I am currently dealing with text recognition. 我目前正在处理文本识别。 Here is a part of binarized image with edge detection (using Canny): 这是带有边缘检测的二值化图像的一部分(使用Canny):

EDIT: I am posting a link to an image. 编辑:我发布到图像的链接。 I don't have 10 rep points so I cannot post an image. 我没有10个代表点,因此无法发布图片。

EDIT 2: And here's the same piece after thresholding. 编辑2:和这是阈值后的同一块。 Honestly, I don't know which approach would be better. 老实说,我不知道哪种方法更好。

[ [ 2 2

The questions remain the same: 问题保持不变:

  1. How should I detect certain letters? 我应该如何检测某些字母? I need to determine location of every letter and then every word. 我需要确定每个字母然后每个单词的位置。

  2. Is it a problem that some letters are "opened"? 某些字母被“打开”是否有问题? I mean that they are not closed areas. 我的意思是它们不是封闭区域。

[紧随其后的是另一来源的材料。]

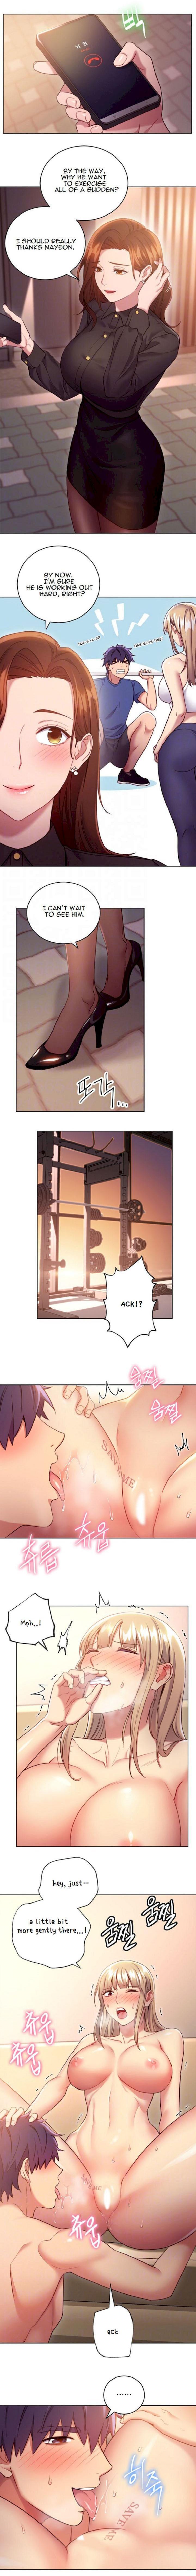 [Neck Pilllow] Stepmother Friends Ch.40/? [English] [Hentai Universe] NEW! 22/10/2020 170
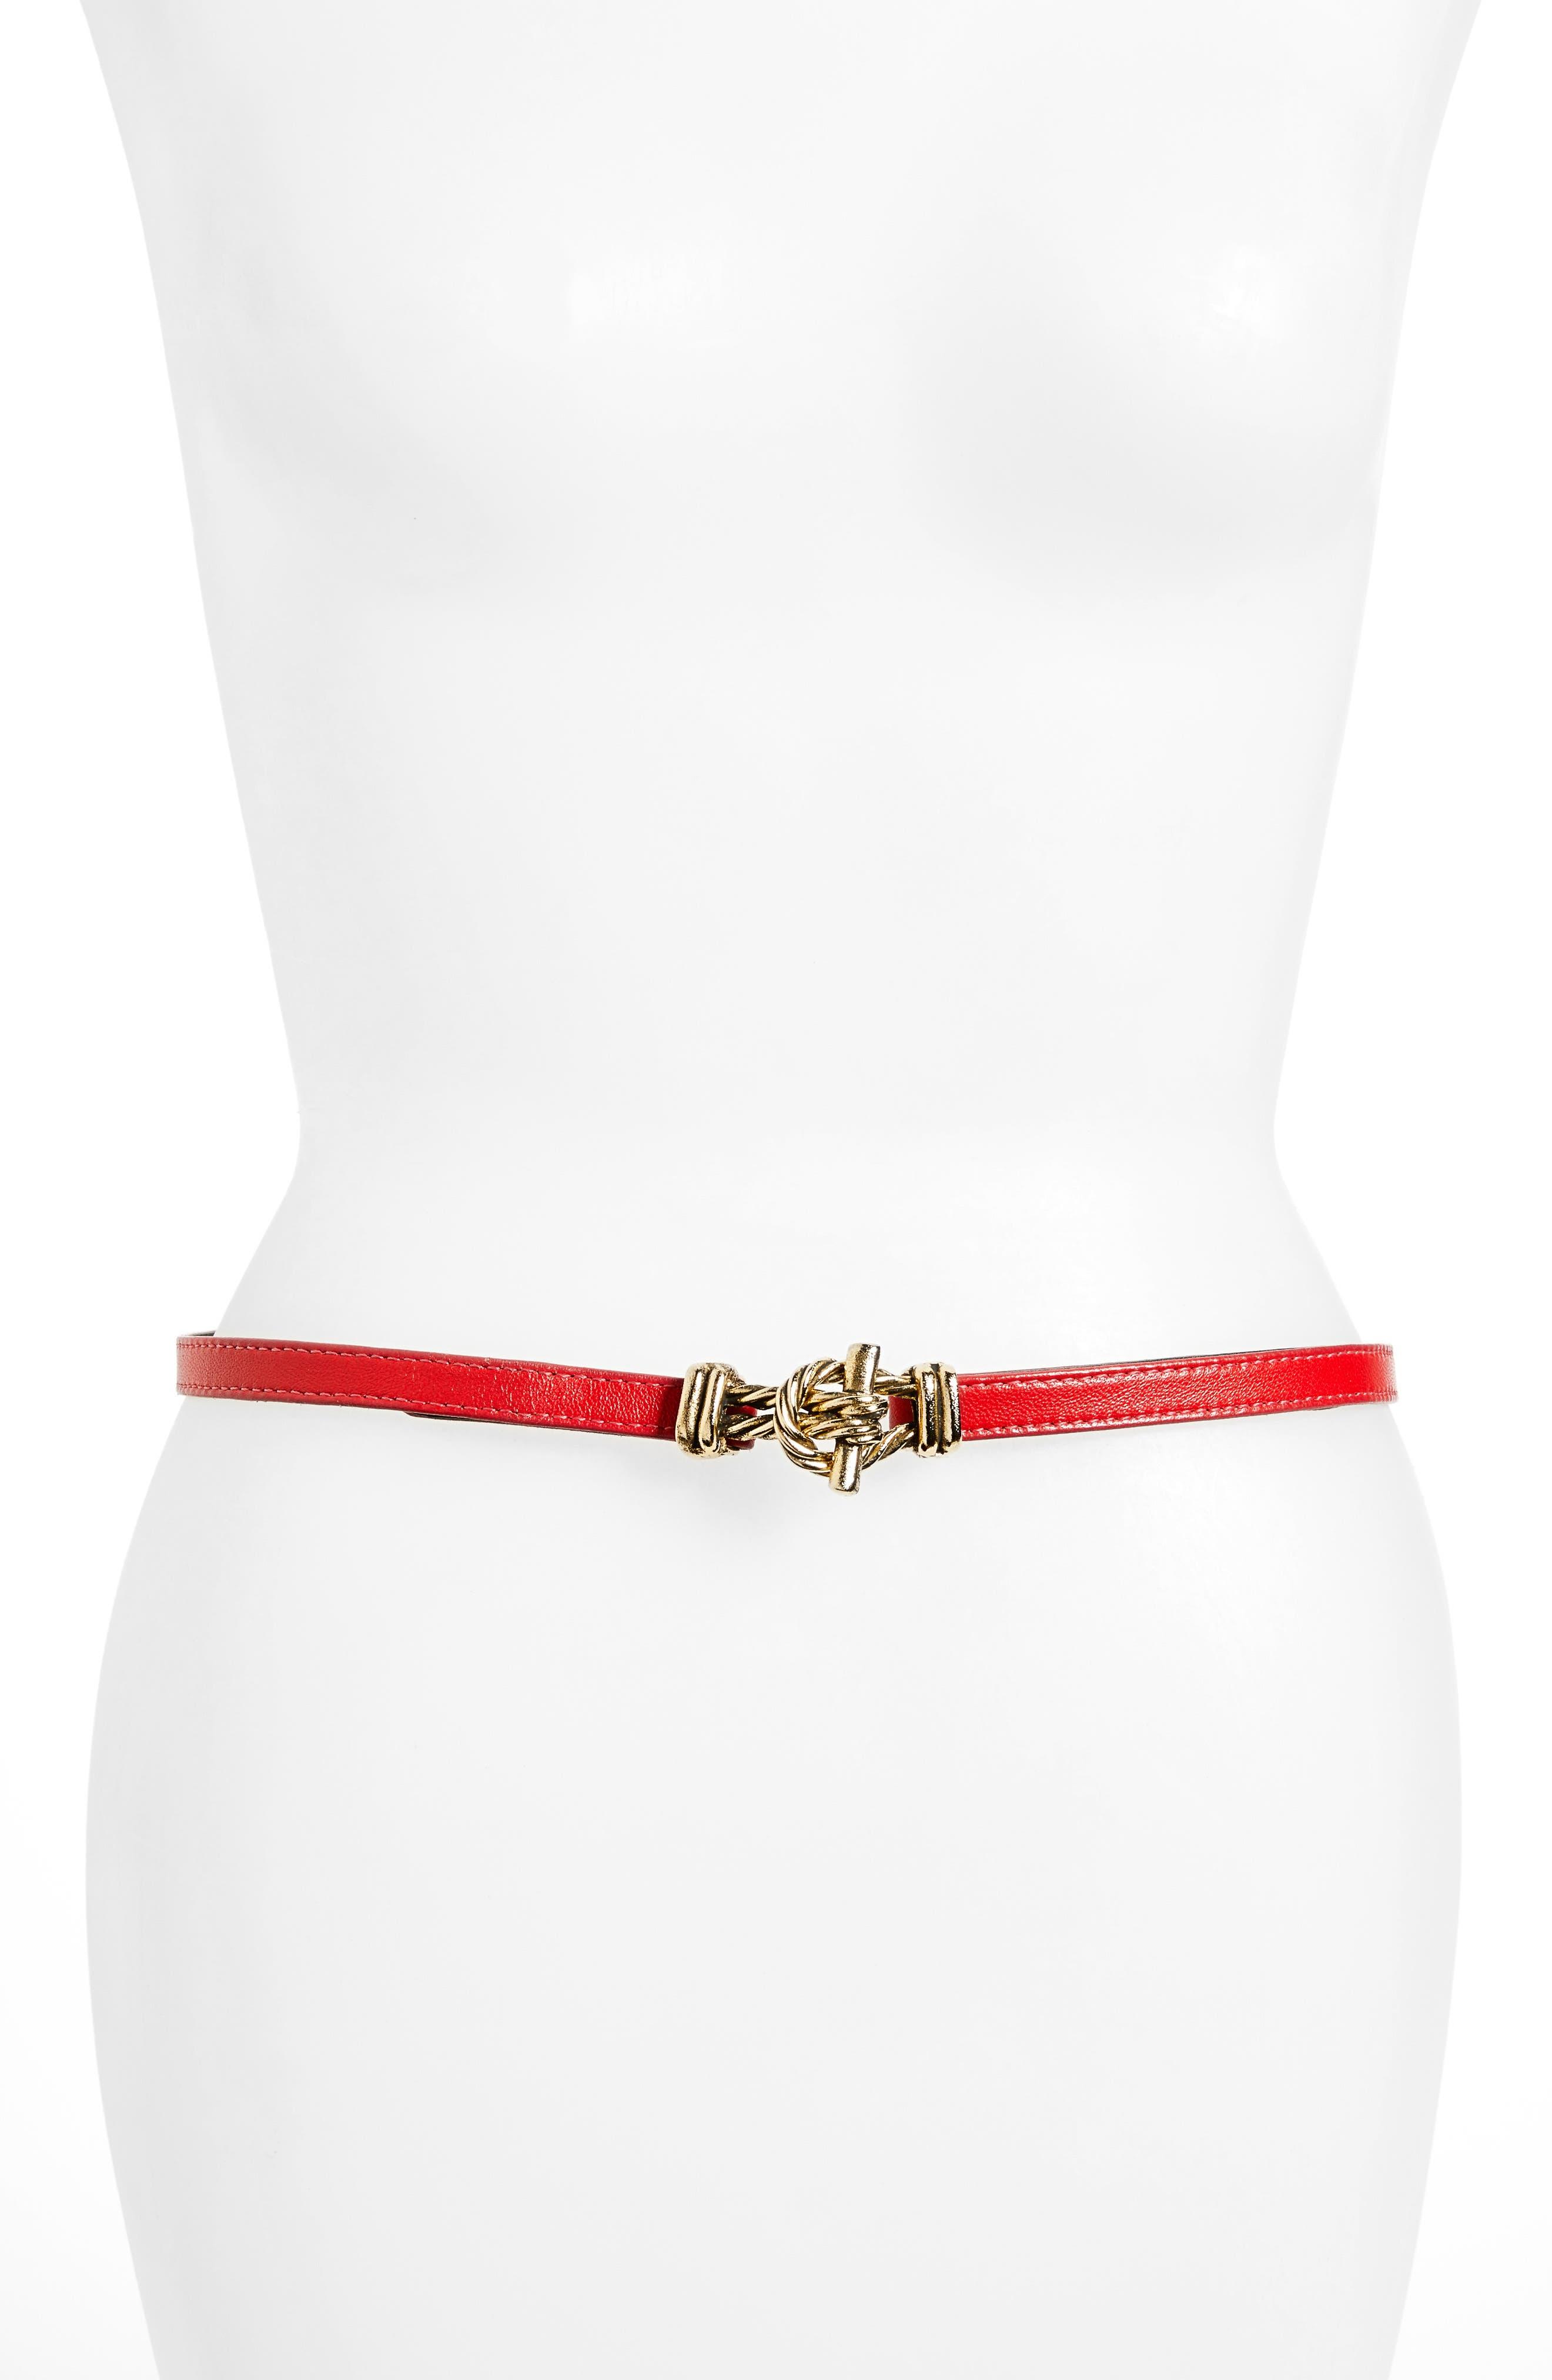 Raina Fitzgerald Leather Belt, Size One Size - Red

  3. If I use cv::matchtemplate , does it mean that I need to have 24 templates for every letter + 10 for every digit? 如果我使用cv::matchtemplate ,是否意味着我需要每个字母24个模板,每个数字10个模板? And then loop over my image to determine the best correlation? 然后遍历我的图像以确定最佳相关性?

  4. If both the letters and squares they are in, are 1-pixel wide, what filters / operations should I do to close the opened letters? 如果它们所在的字母和正方形均为1像素宽,我应该执行哪些过滤器/操作来关闭打开的字母? I tried various combinations of dilate and erode - with no effect. 我尝试了扩张和腐蚀的各种组合-没有效果。

The question is kind of "how do I do OCR with Open CV?" 问题是“如何使用Open CV进行OCR?” and the answer is that it's an involved process and quite difficult. 答案是,这是一个复杂的过程,非常困难。

But some pointers. 但是有一些提示。 Firstly, its hard to detect letters which are outlined. 首先,很难检测到所概述的字母。 Most of the tools are designed for filled letters. 大多数工具都是为填充字母而设计的。 But that image looks as if there will only be one non-letter distractor if you fill all loops using a certain size threshold. 但是,如果您使用一定的大小阈值填充所有循环,则该图像看起来好像只有一个非字母干扰项。 You can get rid of the non-letter lines because they are a huge connected object. 您可以摆脱非字母行,因为它们是一个巨大的连接对象。

Once you've filled the letters, they can be skeletonised. 一旦您填写了信件,就可以将它们简化。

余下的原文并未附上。